Александр Журбин – знаменитый композитор, создатель мелодий, знакомых многим и многим – от первой советской рок-оперы «Орфей и Эвридика» до музыки к кинофильмам, среди которых всем известные «Эскадрон гусар летучих», «Тяжелый песок», «Московская сага». Такие его мюзиклы  как «Чайка» (по Чехову) и «Биндюжник и Король» (по бабелевскому «Закату») стали событием в музыкально-театральной жизни. Кроме того, Журбин –автор нескольких книг  прекрасной прозы. А его грандиозная Четвертая симфония «Город Чумы», основанная на текстах в переводах с арамейского (пророк Даниил), латыни  (Блаженный  Августин), французского (Камю, Арто) и других языков – совершенно новое слово в музыке. Александр Журбин – это некая ажурная турбина. В композиторе замечательно сочетается тонкая мелодичность и невероятная, как выражались  конструктивисты , энергийность. Журбин  посылает   свой музыкальный мессидж «урби эт орби», городу и миру. Любой, побывавший на его выступлениях, слушавший его  диски, видевший его телевизионную передачу «Мелодии на память», ощущает могучее воздействие таланта и обаяния. Одна из нас  имеет (пусть и начальное) музыкальное образование и даже пишет авторские песни, а вот второму в детстве медведь на ухо наступил, да не какой-нибудь плюшевый Винни-Пух, а матерый Потапыч, генерал Топтыгин. Но побывав на концерте Александра и его жены Ирины Гинзбург-Журбиной («Дни Журбиных» в Израиле), мы оба получили настоящее наслаждение, чего и вам желаем. А сейчас послушаем Журбина.

 ­­­­­­­­

– Александр, расскажите, пожалуйста, о своих житейских корнях. Были ли у вас в роду музыканты и вообще, как говорил Хлебников,  «творяне»?

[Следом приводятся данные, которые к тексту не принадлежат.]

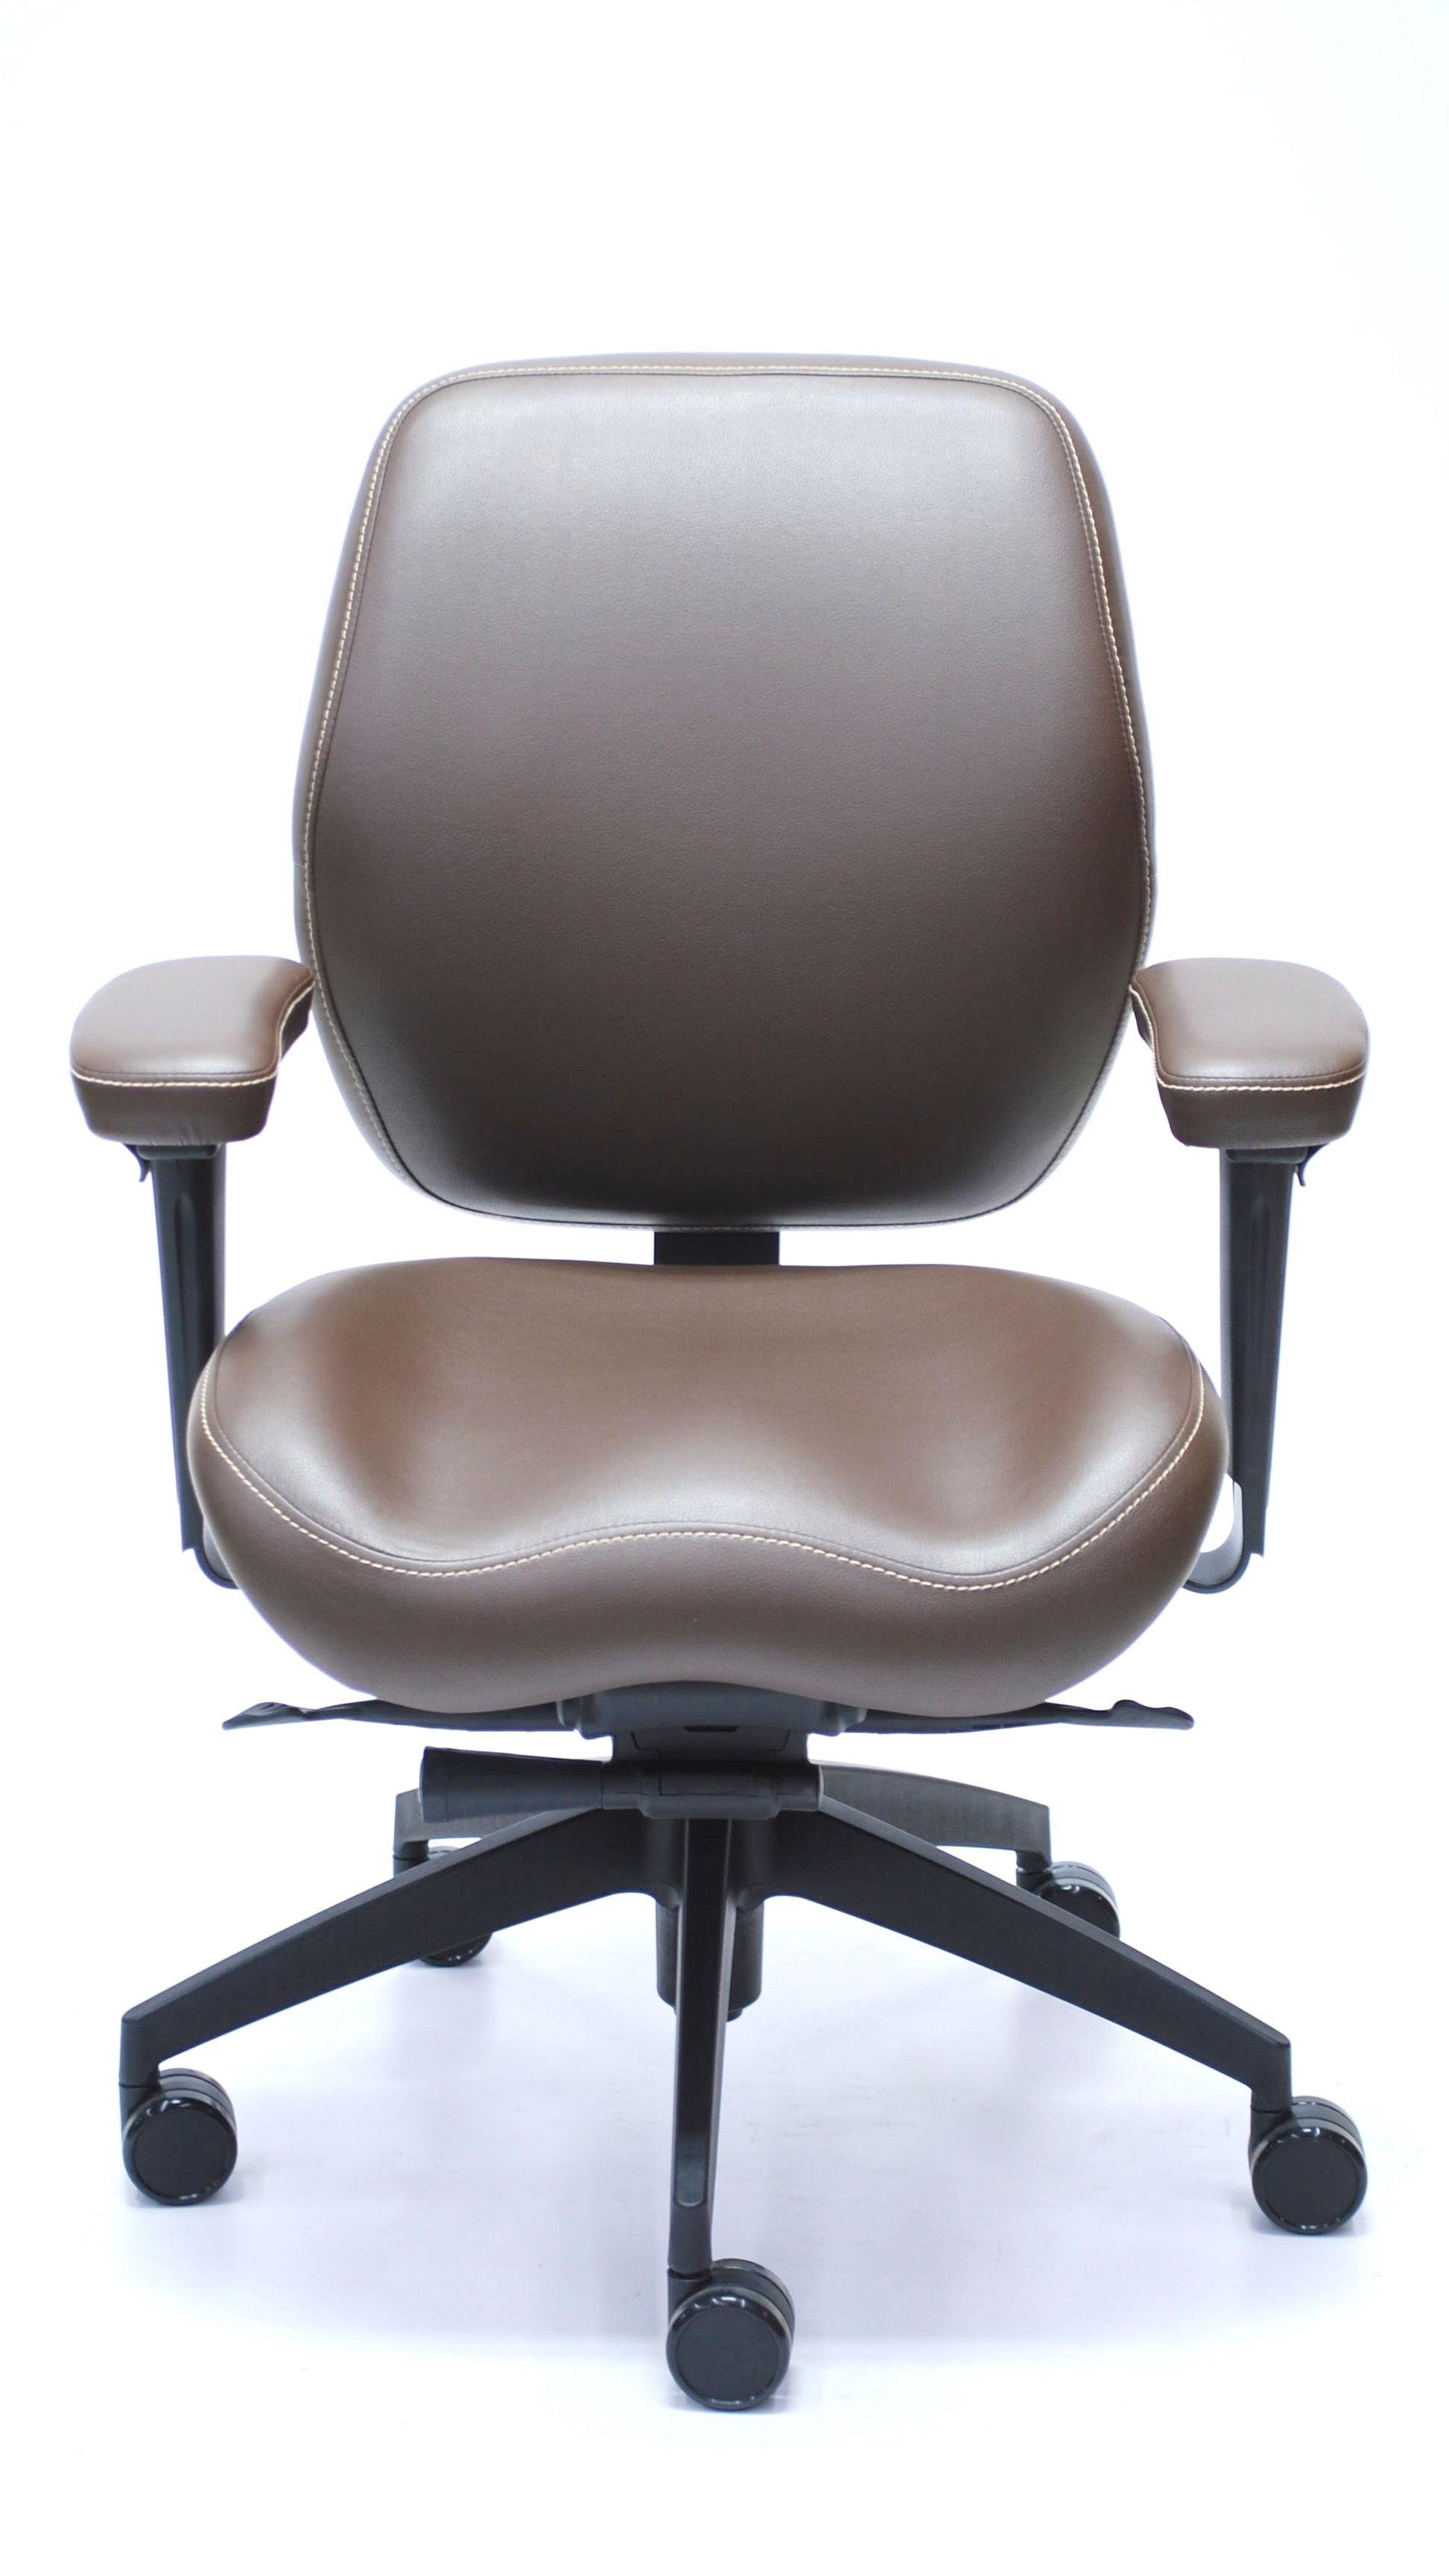 Balance Management Mid Back 5694 Chair Desk Chair Faux Leather

 – Я родился в простой инженерной  семье, сразу после войны. По прихоти судьбы  это случилось в Ташкенте, куда моя мама  приехала  из Москвы к родителям, спасаясь от  столичных  «холодов и голодов». Недавно, после тридцати пяти лет разлуки, я побывал в городе моего детства и не узнал буквально ничего, так изменился  Ташкент. Я искал былой домик на холме, места, в  которых жил и учился, – увы, все кануло. А может быть и хорошо, что теперь это живет только в моей памяти. Мои родители  не имели никакого «официального»  отношения к музыке. А неофициальное было – мама прекрасно поет, у нее замечательный голос, она природно  музыкально-одаренный  человек. И поэтому, наверное, не случайно, что мой брат Юрий Гандельсман многие годы в Израиле играл в Симфоническом оркестре Зубина Меты,  а сегодня он  профессор  музыки в  университете в штате Мичиган. Мой сын Лев Журбин – состоявшийся американский композитор, сотрудничающий  с  Михилом Барышниковым,  Фрэнсисом  Копполой и многими другими звездами.

– Так что же такое, по-вашему, талант – генетика или божественная искра?

– По-моему, это сочетание  Богом  данного дара, колоссальной работоспособности и упорства «графомана». Я очень много работаю и очень много пишу, чем и горжусь. В списках произведений, написанных мною, симфонии и кантаты, мюзиклы и песни. Еще я пишу серьезные книги, веду передачи на телевидении… Кстати, очень бы хотелось много еще чего делать, но к сожалению времени на все не хватает.

– Давайте, как сказал бы Блаженный Августин, начнем «аб ово» вашего «опус магнум», то есть с яйца главного опуса. Россия – родина всего, вплоть до слонов, но уж никак не рок-опер. Как зародилась «Орфей и Эвридика», что послужило, по набоковскому выражению, творческой пульсацией?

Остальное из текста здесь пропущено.